The year is 2019, many are finally realizing it's time to back up your results with code, data, and some kind of specification of the computing environment you're using. Science is about sharing your work for others in the research community to build upon. Leave the manuscript for the pretty formality.

Havoc7y ago

>any clear way to reproduce the results.

Given that it's evolved I'd imagine this is a given? Or more accurately you could probably duplicate some kind of emergent behaviour but it would be different given different randomized parameters

threwawasy12287y ago

More of what the point is I think is that they don't go into any meta-analysis of big changes that were seen in many of the trials. They don't try to isolate specific mechanisms that formed in a majority of trials that almost made it to this stage for example. They just don't really go into any analysis of the failure trees in trial dataset at all.

IMHO this is probably just a case of them trying to stretch this out across a bunch of different papers, and this is just the announce paper. Which is a shitty practice, but the current academic environment encourages taking good findings and puffing them up into multiple incomplete papers rather than one well-done paper.

lysium7y ago

Usually you use an RNG for which you can publish the seed. So, although it’s random, you can reproduce the results.

1 more reply

vanattab7y ago

Is it not possible to use the same seed and random number generator to reproduce the results accurately?

1 more reply

ArtWomb7y ago· 4 in thread

Fergus Lab at NYU. I believe he's across the hall from Yann LaCunn as well ;)

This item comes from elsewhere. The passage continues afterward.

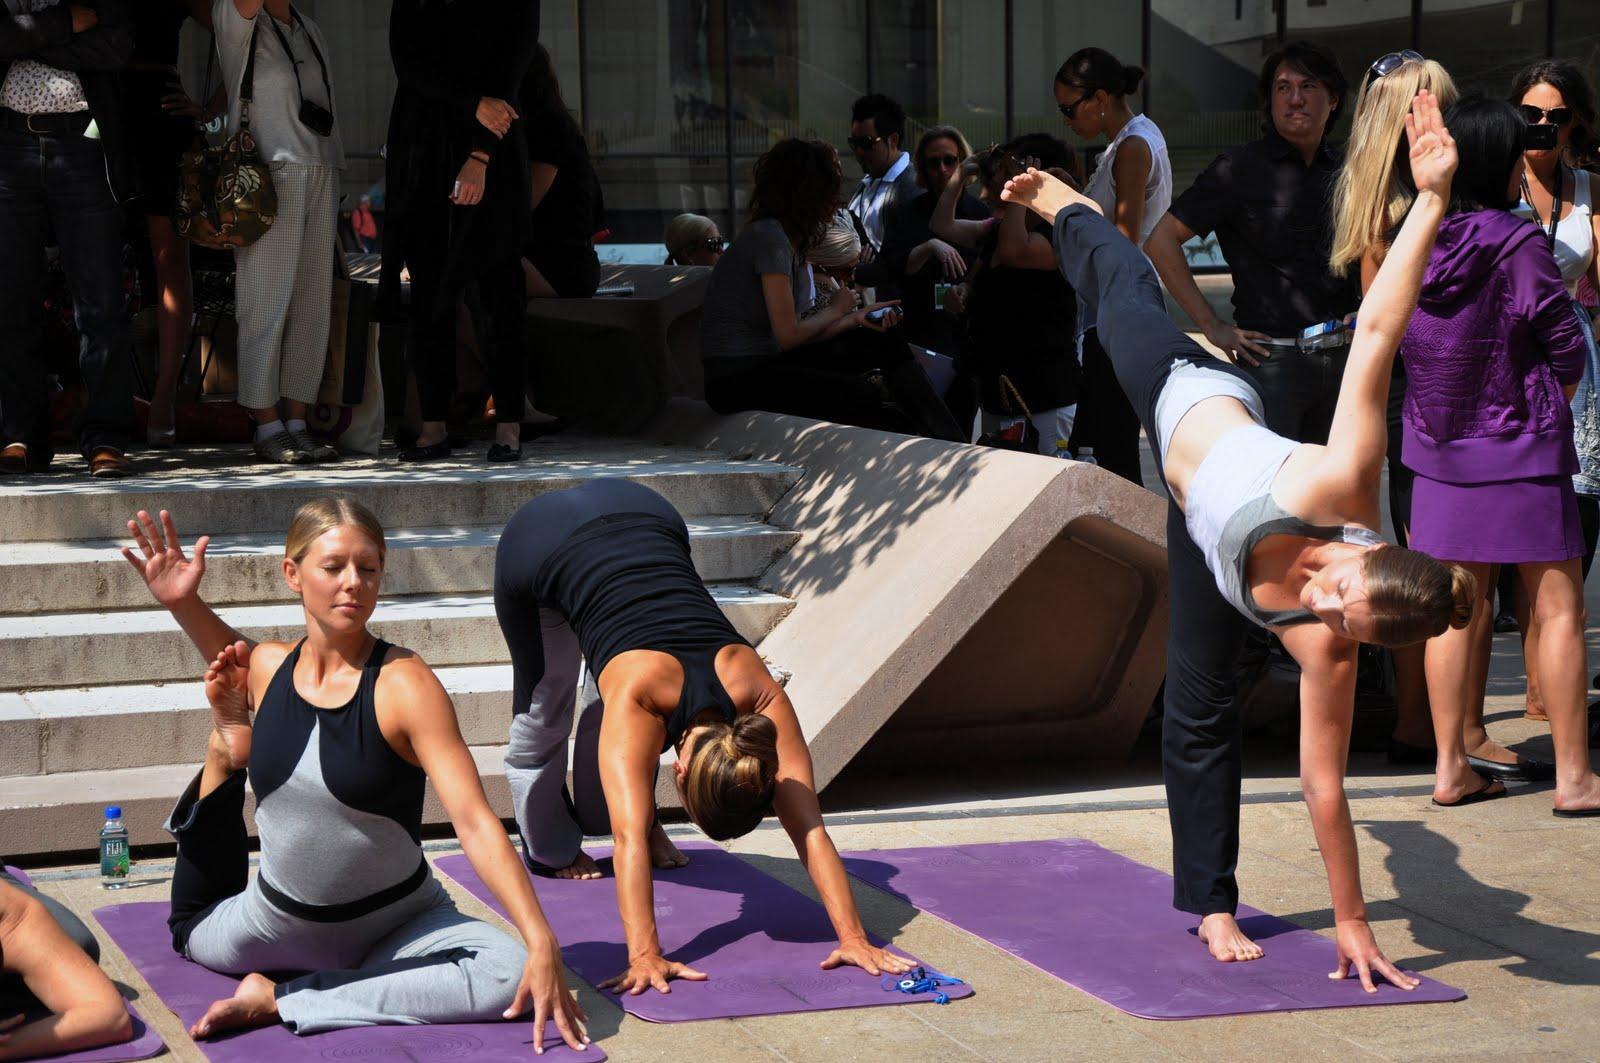 New York Yoga: New York Yoga at Fashion Week!

Still a long way from a Theory of Biogenesis. But a good next step is using a differentiable model to predict novel proteins which have no analogue in Nature. Much like Materials Genome researchers searching for stable phases of matter!

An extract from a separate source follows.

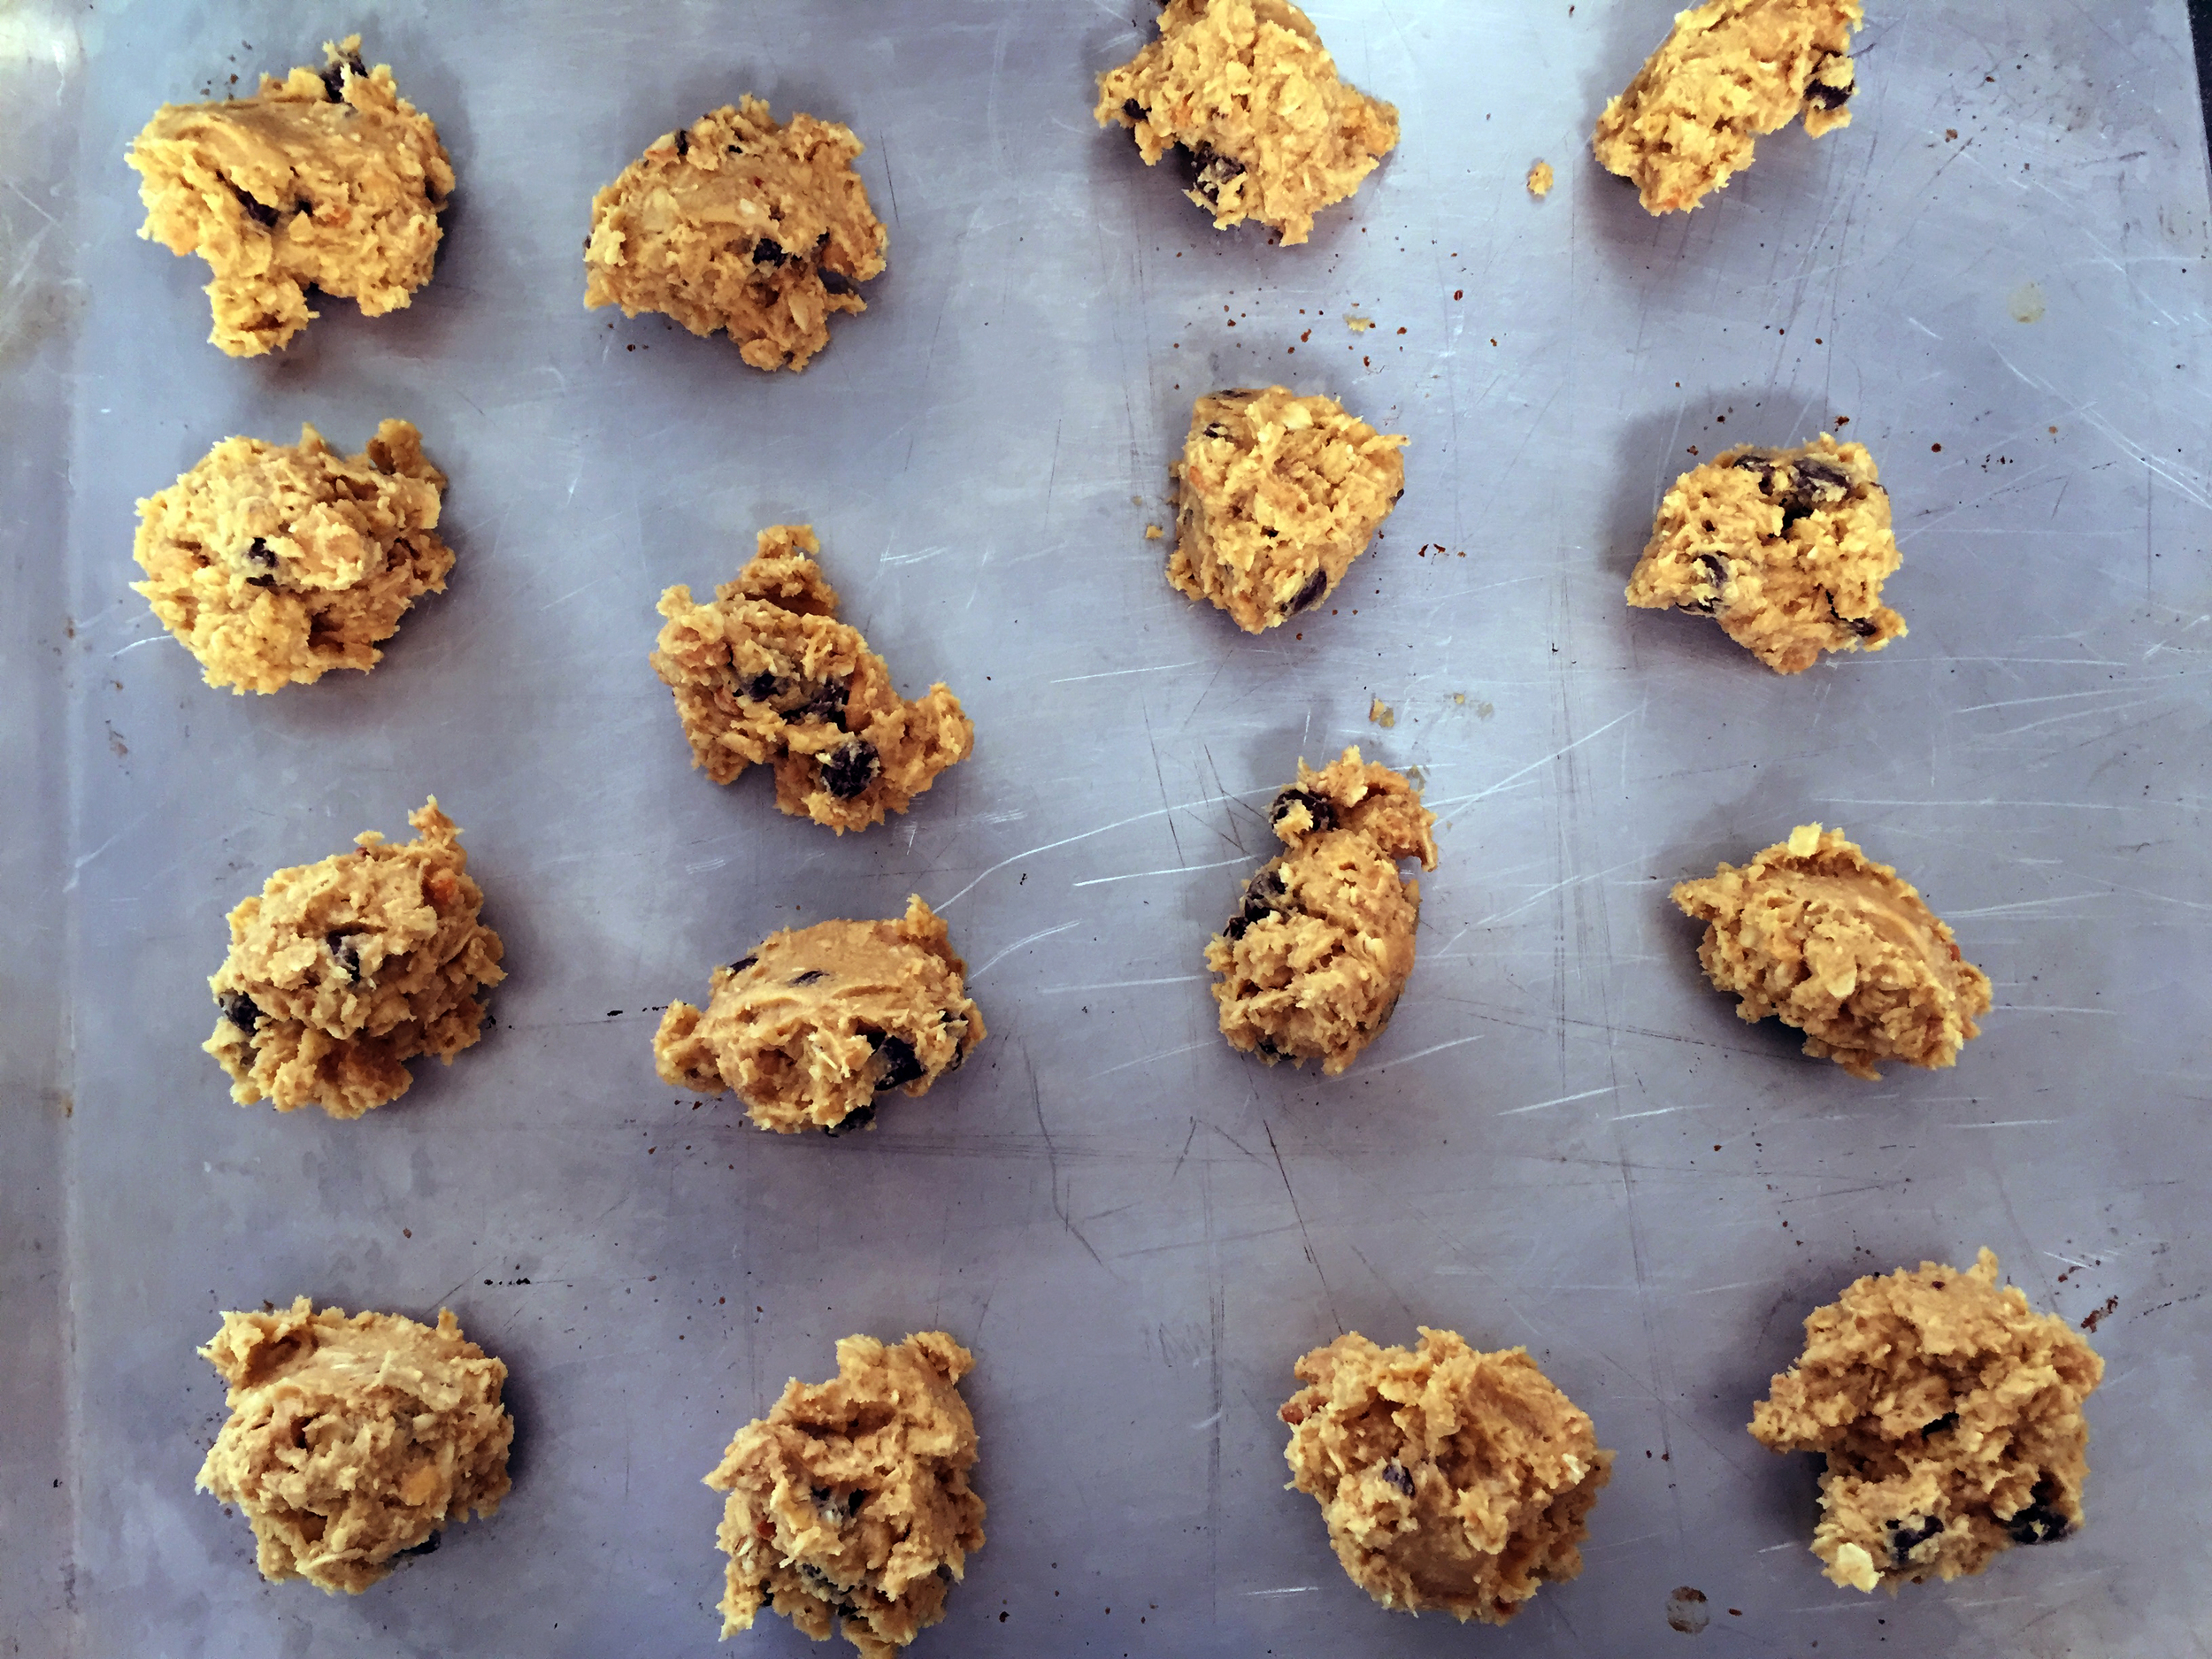 cookietray.jpg

"Training ever bigger convnets and LSTMs on ever bigger datasets gets us closer to Strong AI -- in the same sense that building taller towers gets us closer to the moon." --François Chollet

visarga7y ago

> "Training ever bigger convnets and LSTMs on ever bigger datasets gets us closer to Strong AI -- in the same sense that building taller towers gets us closer to the moon." --François Chollet

The Transformer layer has radically leaped over LSTMs and CNNs. While LSTMs can model sequences and CNNs regular grids, they have no efficient long range interaction mechanism. Transformer does. It's a huge leap similar to the one in computer vision from a few years ago.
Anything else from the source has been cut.